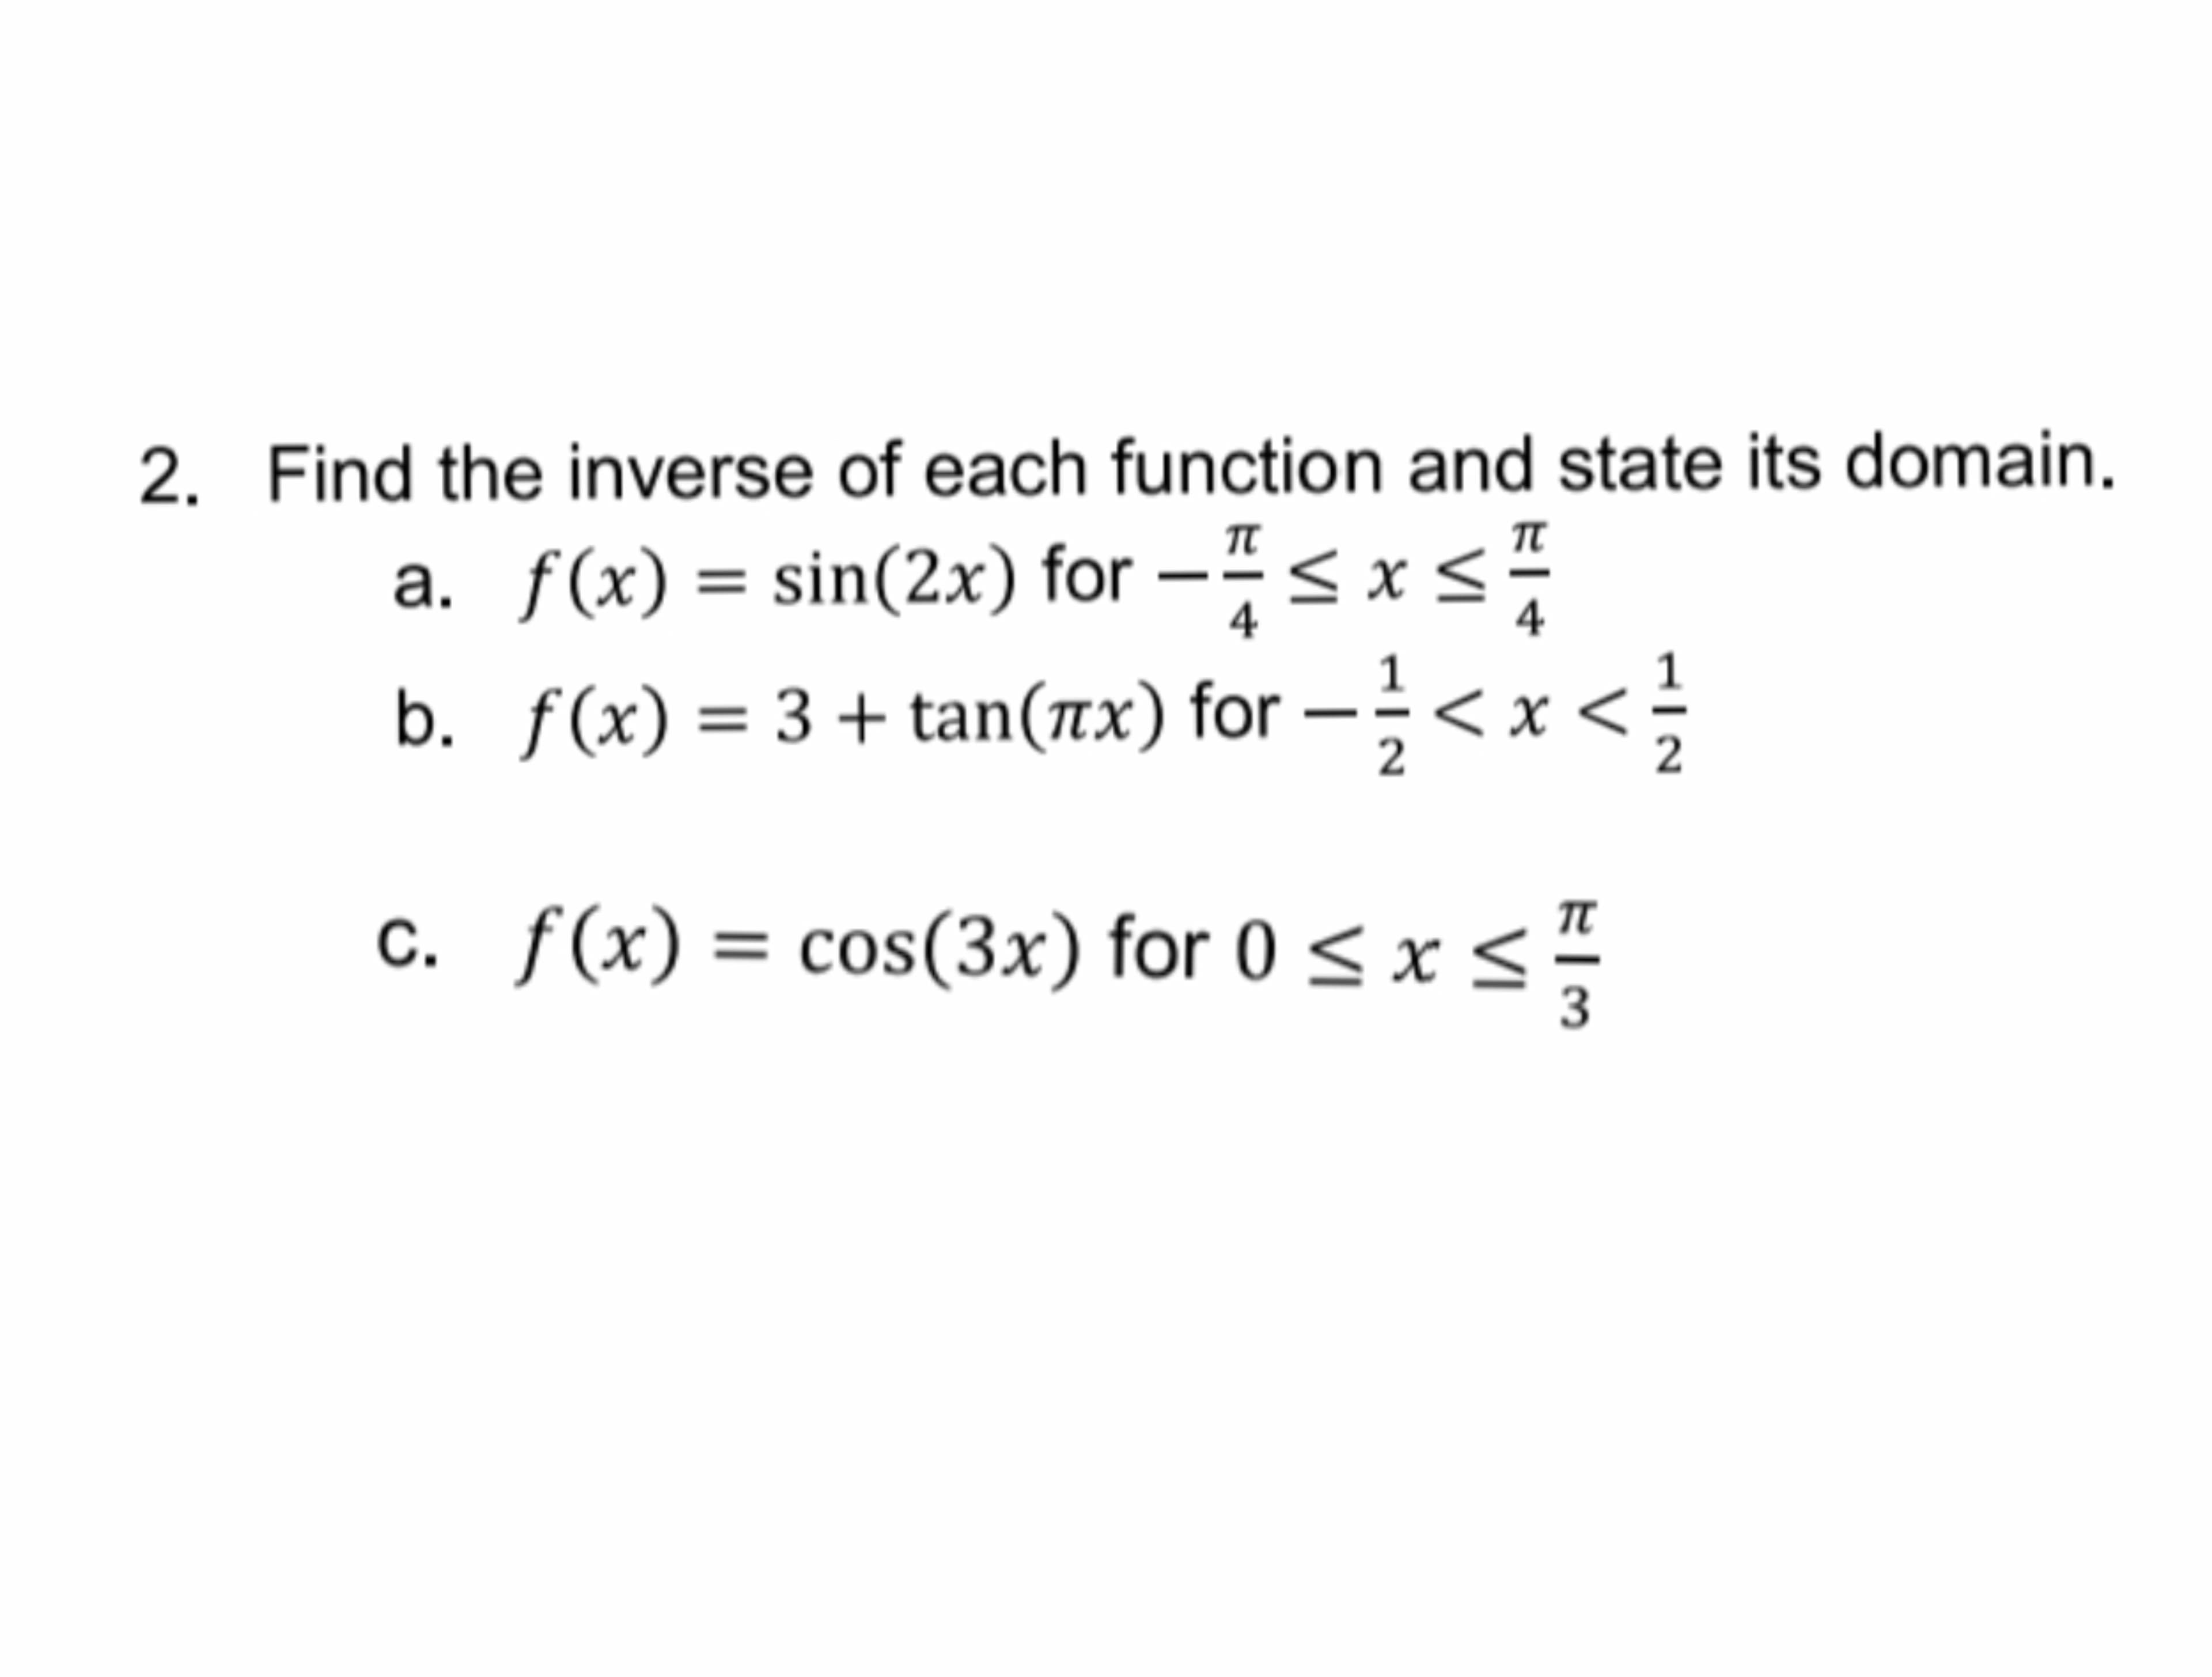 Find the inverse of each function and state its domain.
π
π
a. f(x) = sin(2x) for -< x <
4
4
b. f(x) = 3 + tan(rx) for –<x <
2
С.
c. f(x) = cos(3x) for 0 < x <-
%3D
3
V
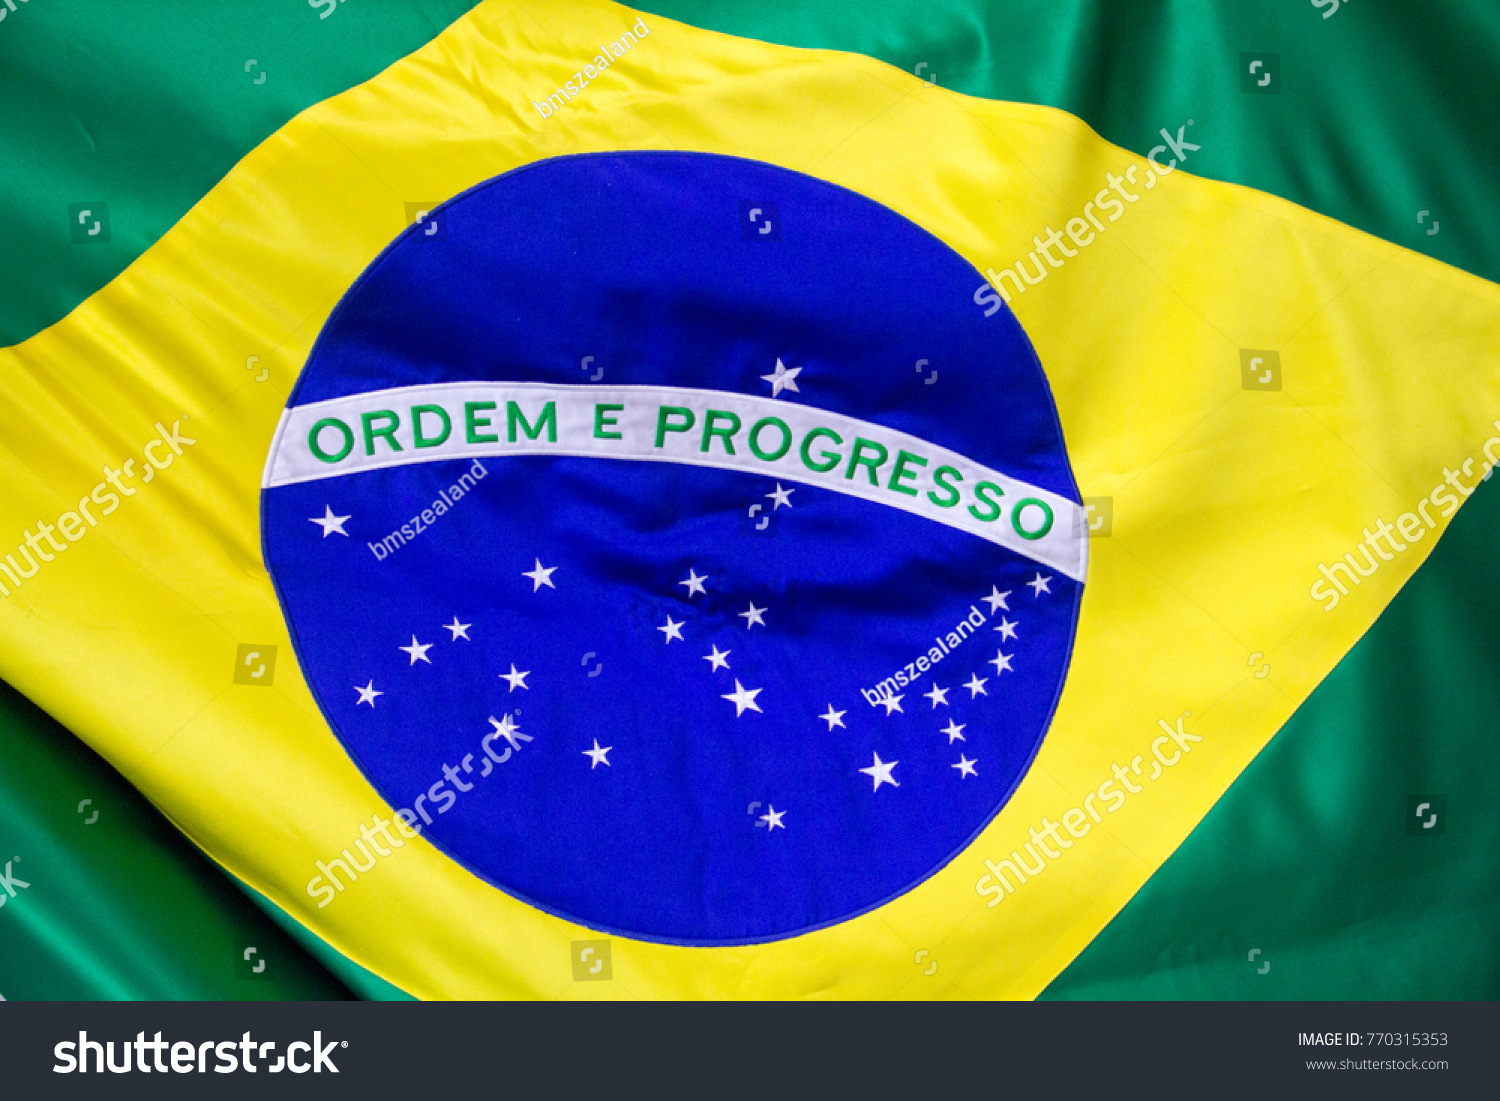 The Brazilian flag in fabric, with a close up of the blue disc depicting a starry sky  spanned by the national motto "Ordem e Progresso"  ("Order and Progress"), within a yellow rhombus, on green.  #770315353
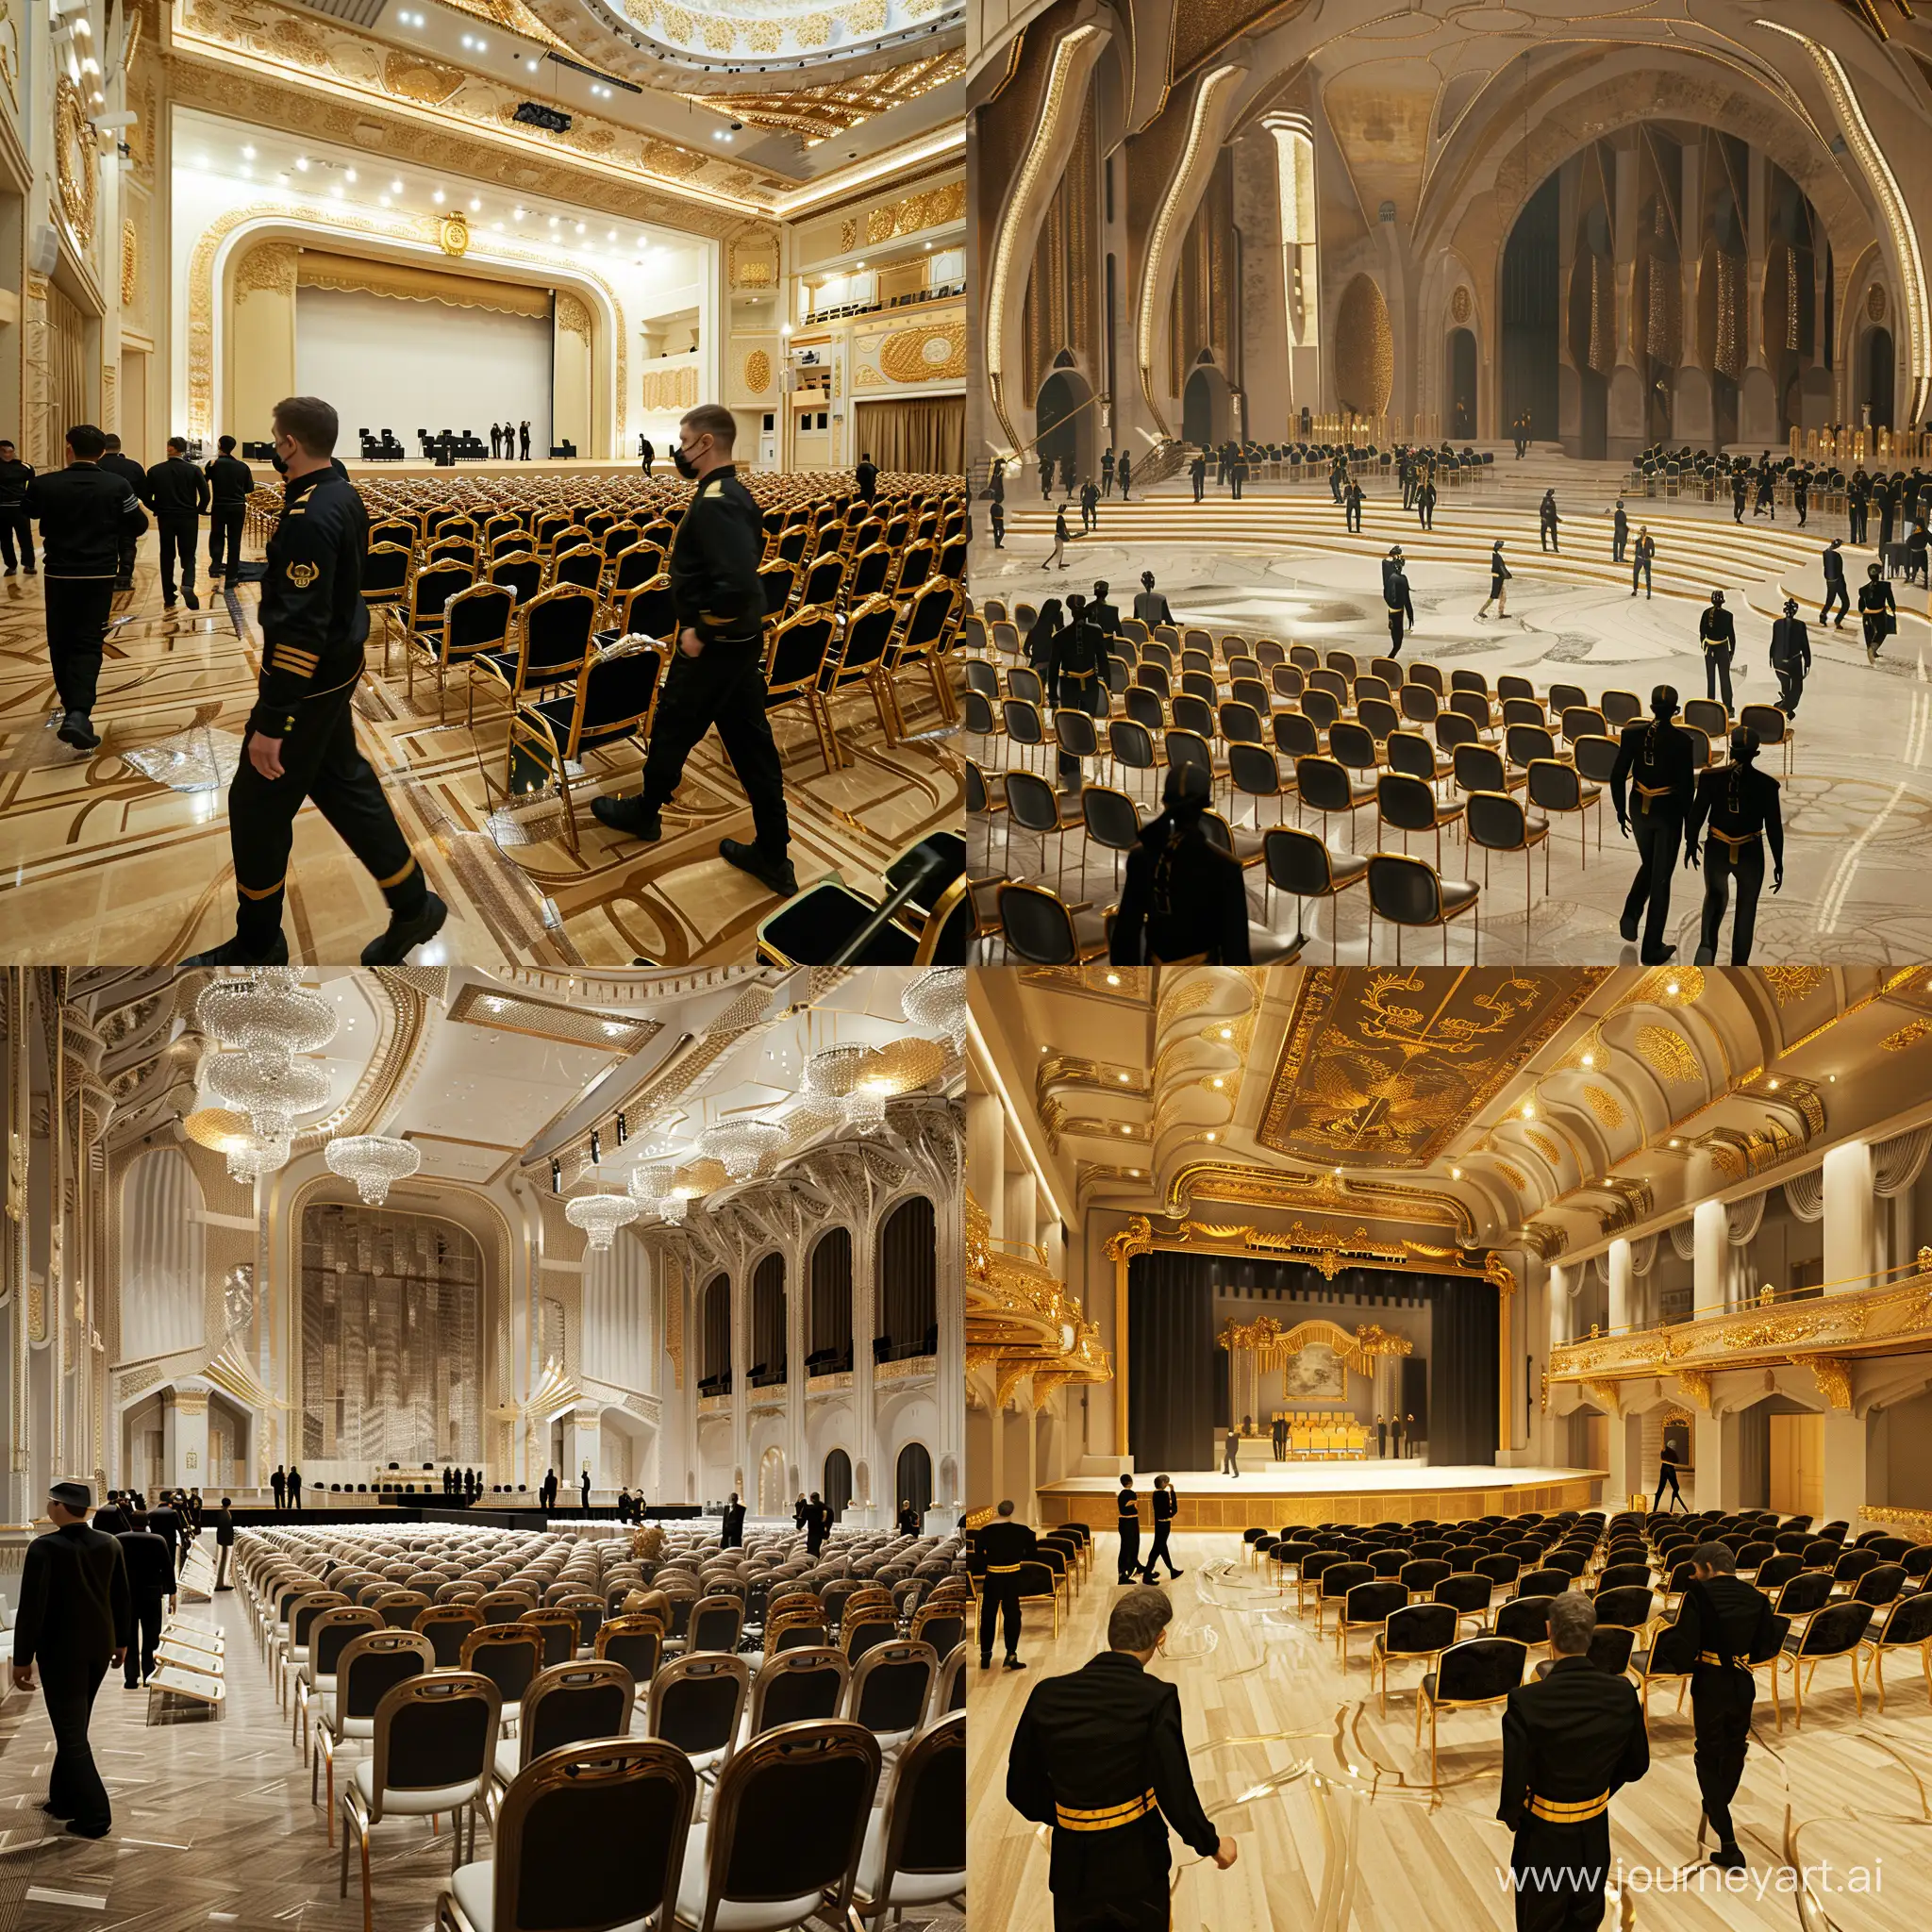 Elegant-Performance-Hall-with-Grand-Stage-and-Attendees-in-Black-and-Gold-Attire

--- What needs to be done ---
All of the lines above should be printed exactly, minus the pictures.

--- Result of this task ---
 Find the inverse of each function and state its domain.
π
π
a. f(x) = sin(2x) for -< x <
4
4
b. f(x) = 3 + tan(rx) for –<x <
2
С.
c. f(x) = cos(3x) for 0 < x <-
%3D
3
V
 The Brazilian flag in fabric, with a close up of the blue disc depicting a starry sky  spanned by the national motto "Ordem e Progresso"  ("Order and Progress"), within a yellow rhombus, on green.  #770315353
 Elegant-Performance-Hall-with-Grand-Stage-and-Attendees-in-Black-and-Gold-Attire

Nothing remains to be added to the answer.